SOURCE DATA:
# # # #
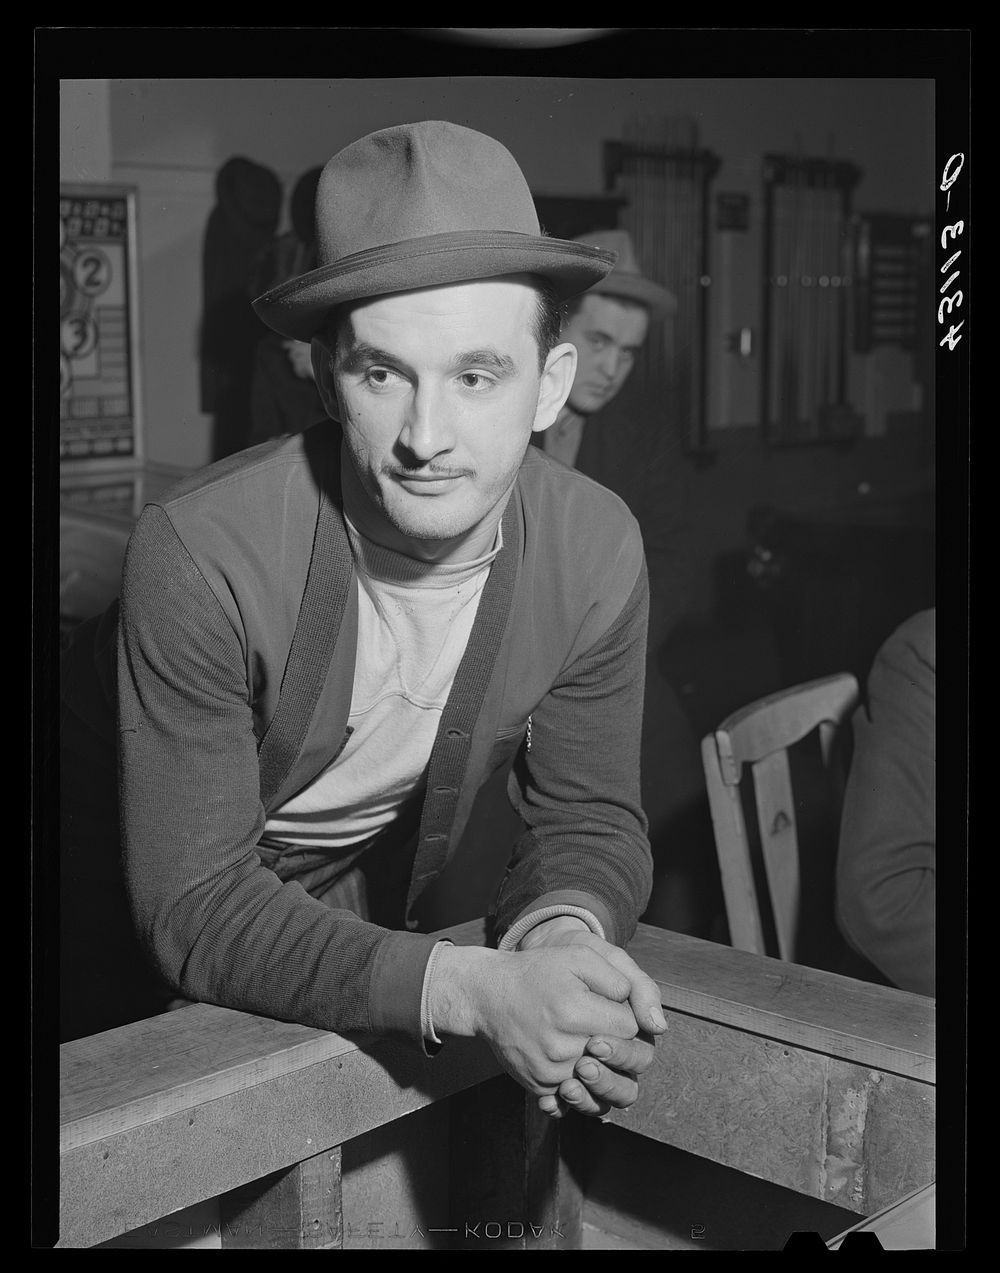 Steelworker president of the Serbian Club. Aliquippa, Pennsylvania. Sourced from the Library of Congress.
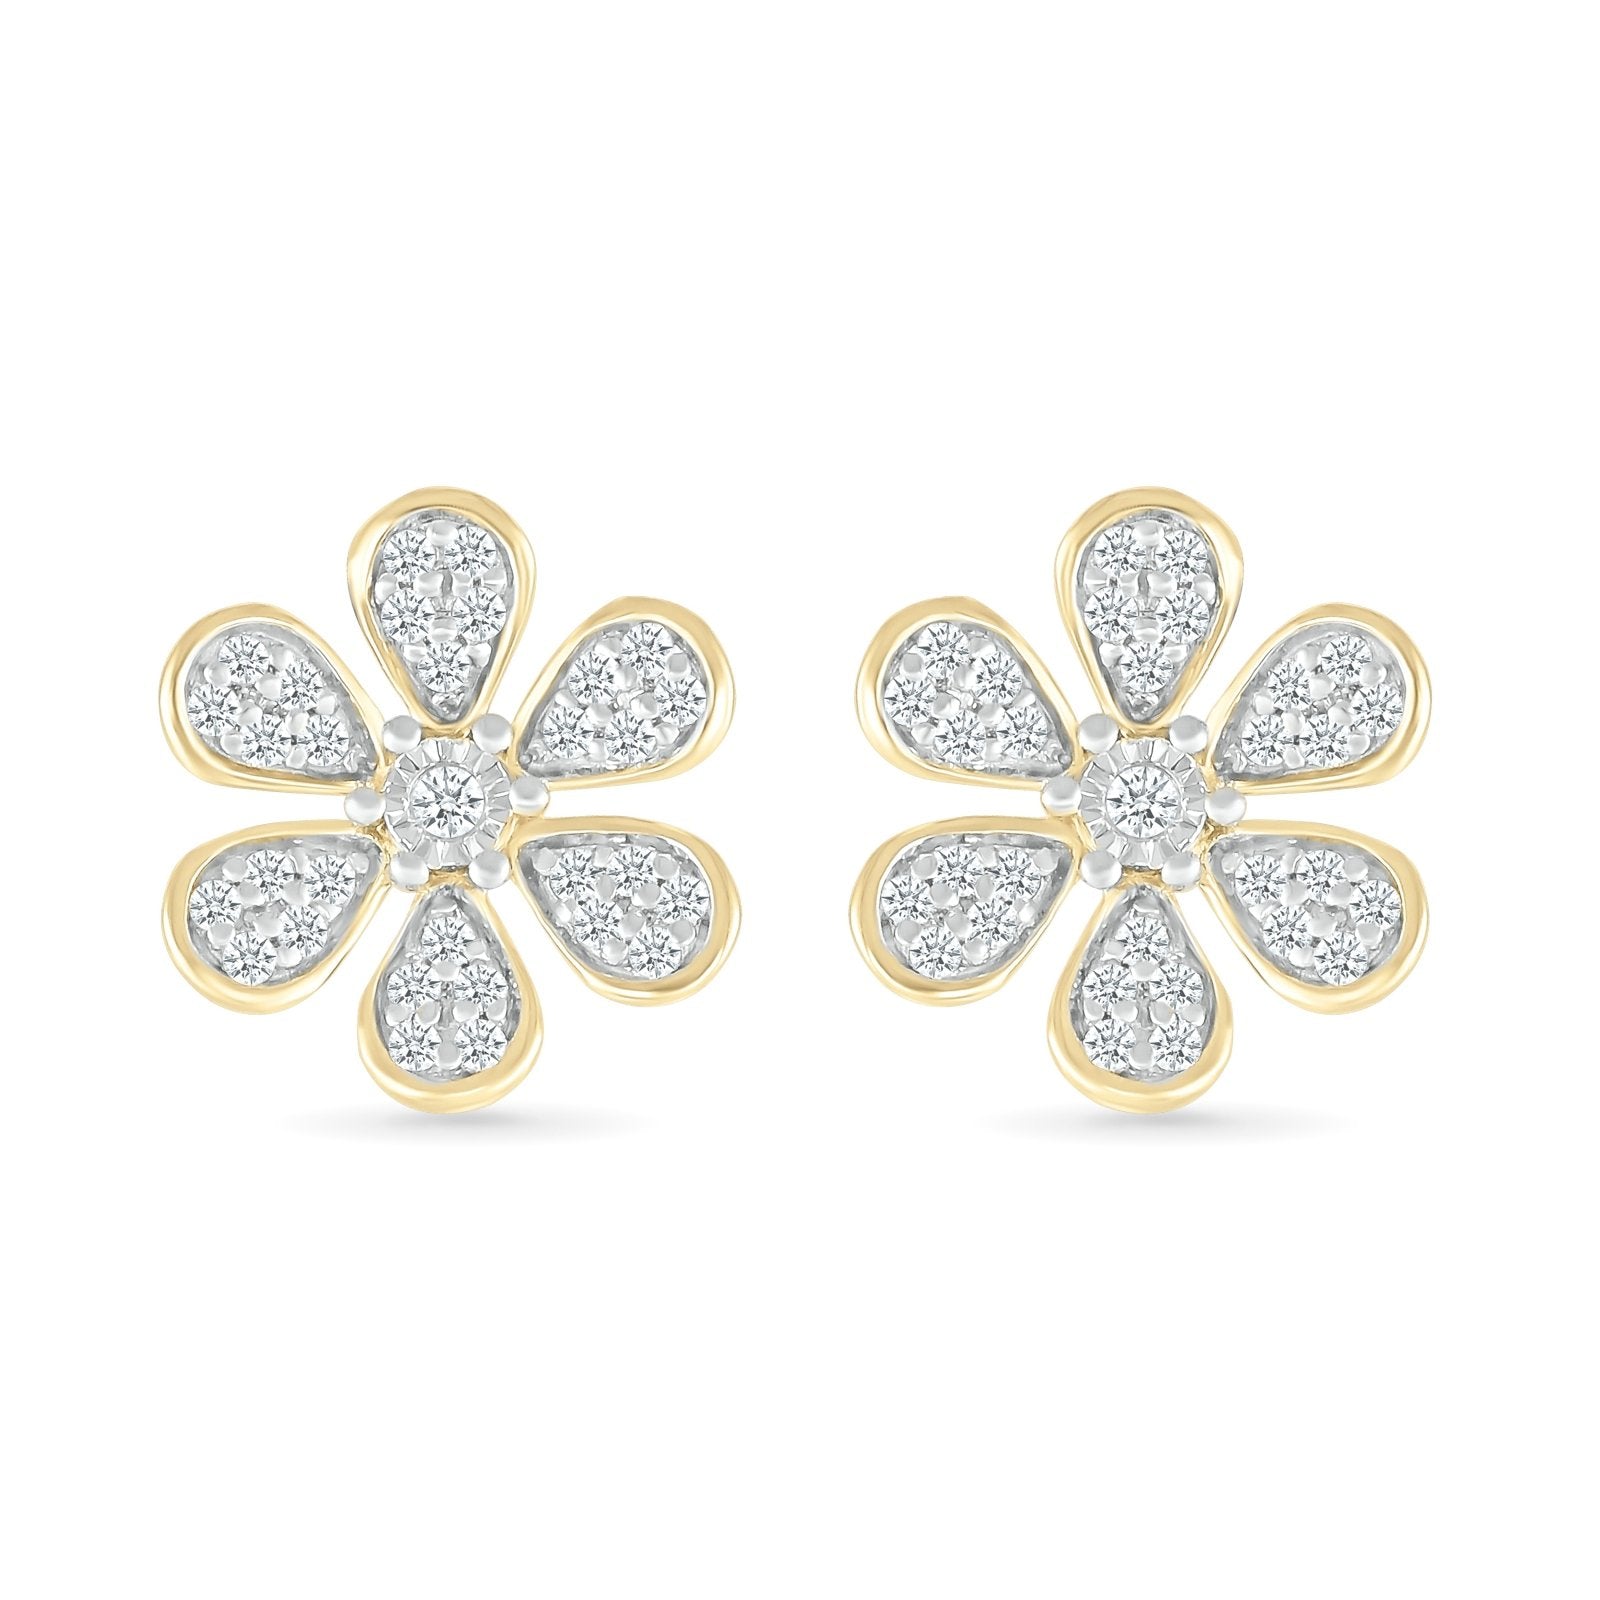 Diamond Flower Earrings with Gold Bezel Earrings Estella Collection #product_description# 32669 10k April Birthstone Colorless Gemstone #tag4# #tag5# #tag6# #tag7# #tag8# #tag9# #tag10#
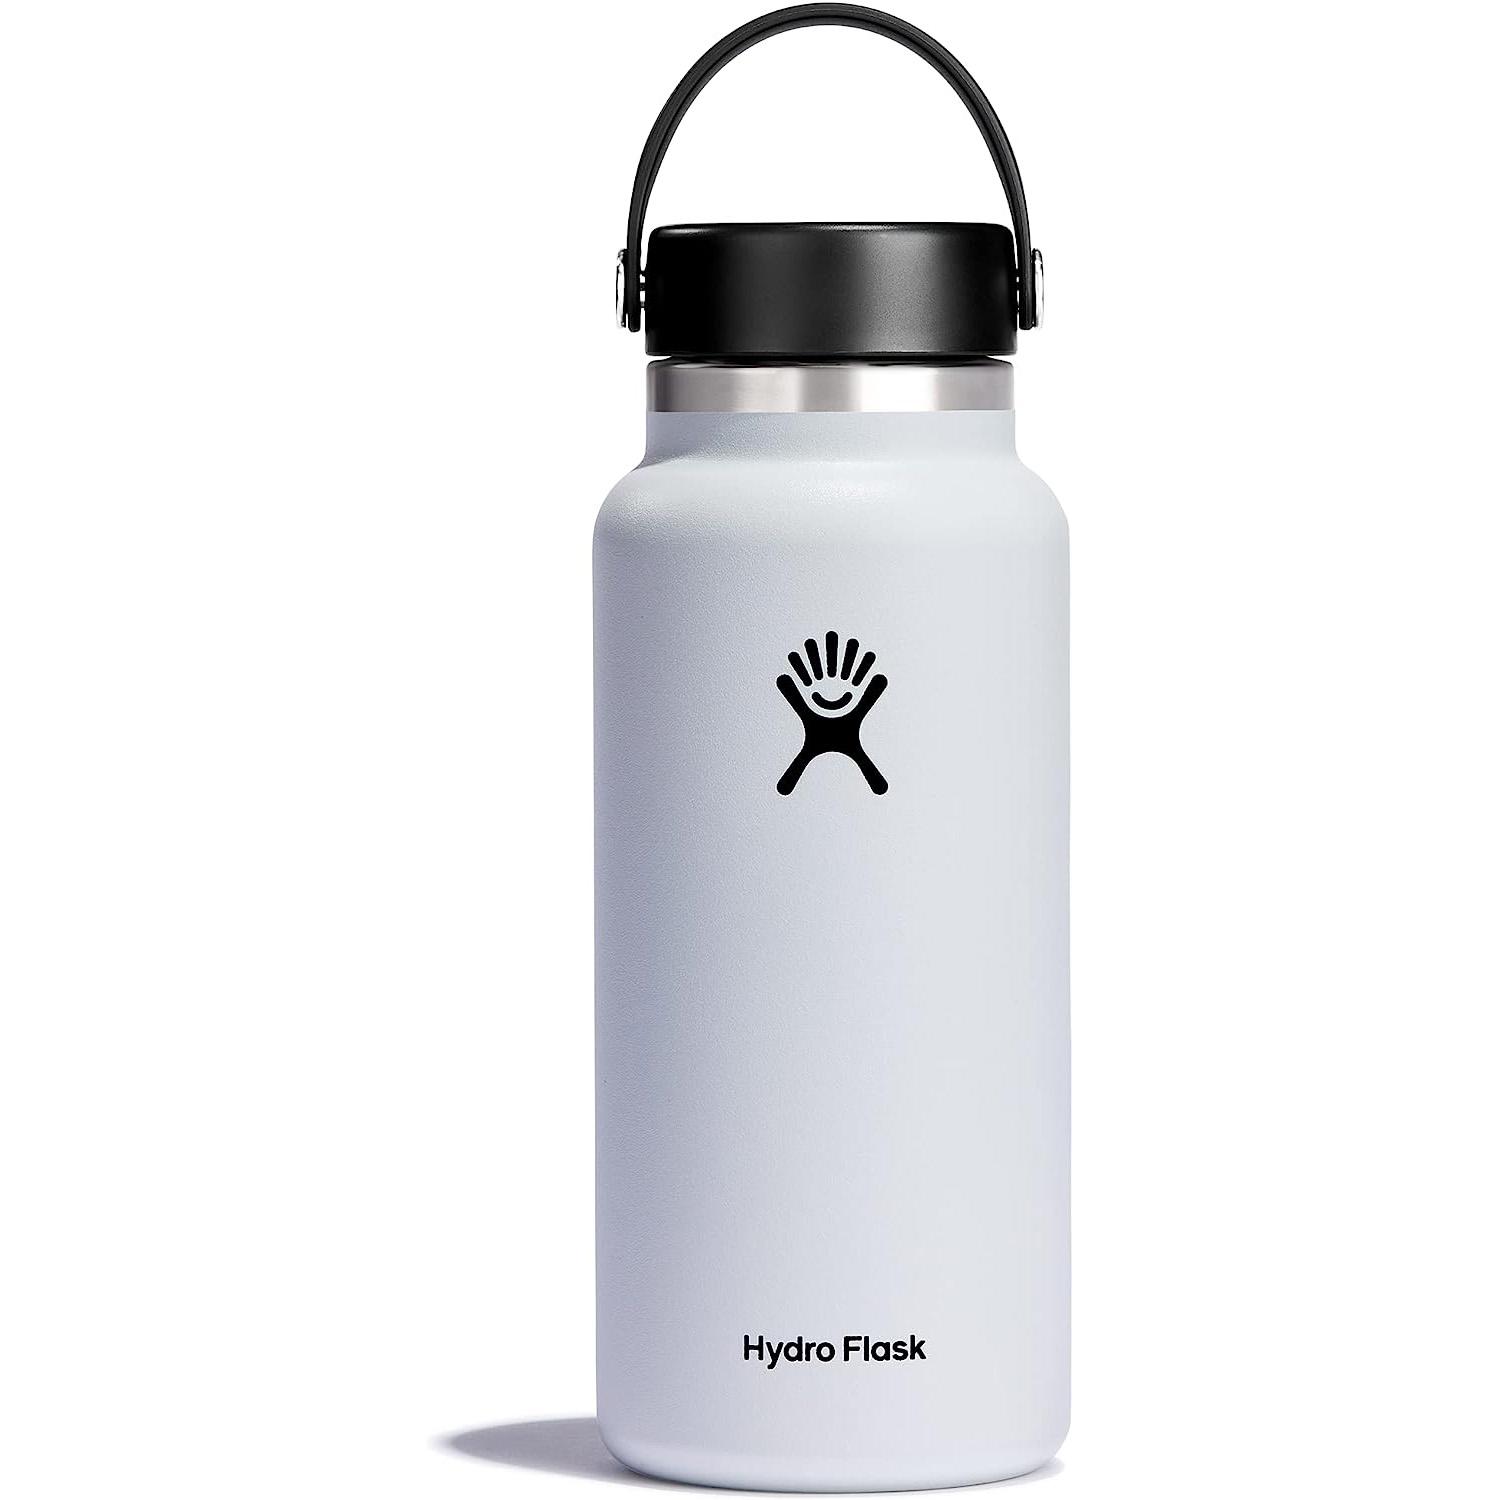 Hydro Flask Wide Mouth 32oz Bottle for $19.97
# # # #
WHAT THE TASK REQUIRES: With the pictures set aside, return each line of the listing exactly as given.

RESPONSE TO THE TASK:
 Steelworker president of the Serbian Club. Aliquippa, Pennsylvania. Sourced from the Library of Congress.
 Diamond Flower Earrings with Gold Bezel Earrings Estella Collection #product_description# 32669 10k April Birthstone Colorless Gemstone #tag4# #tag5# #tag6# #tag7# #tag8# #tag9# #tag10#
 Hydro Flask Wide Mouth 32oz Bottle for $19.97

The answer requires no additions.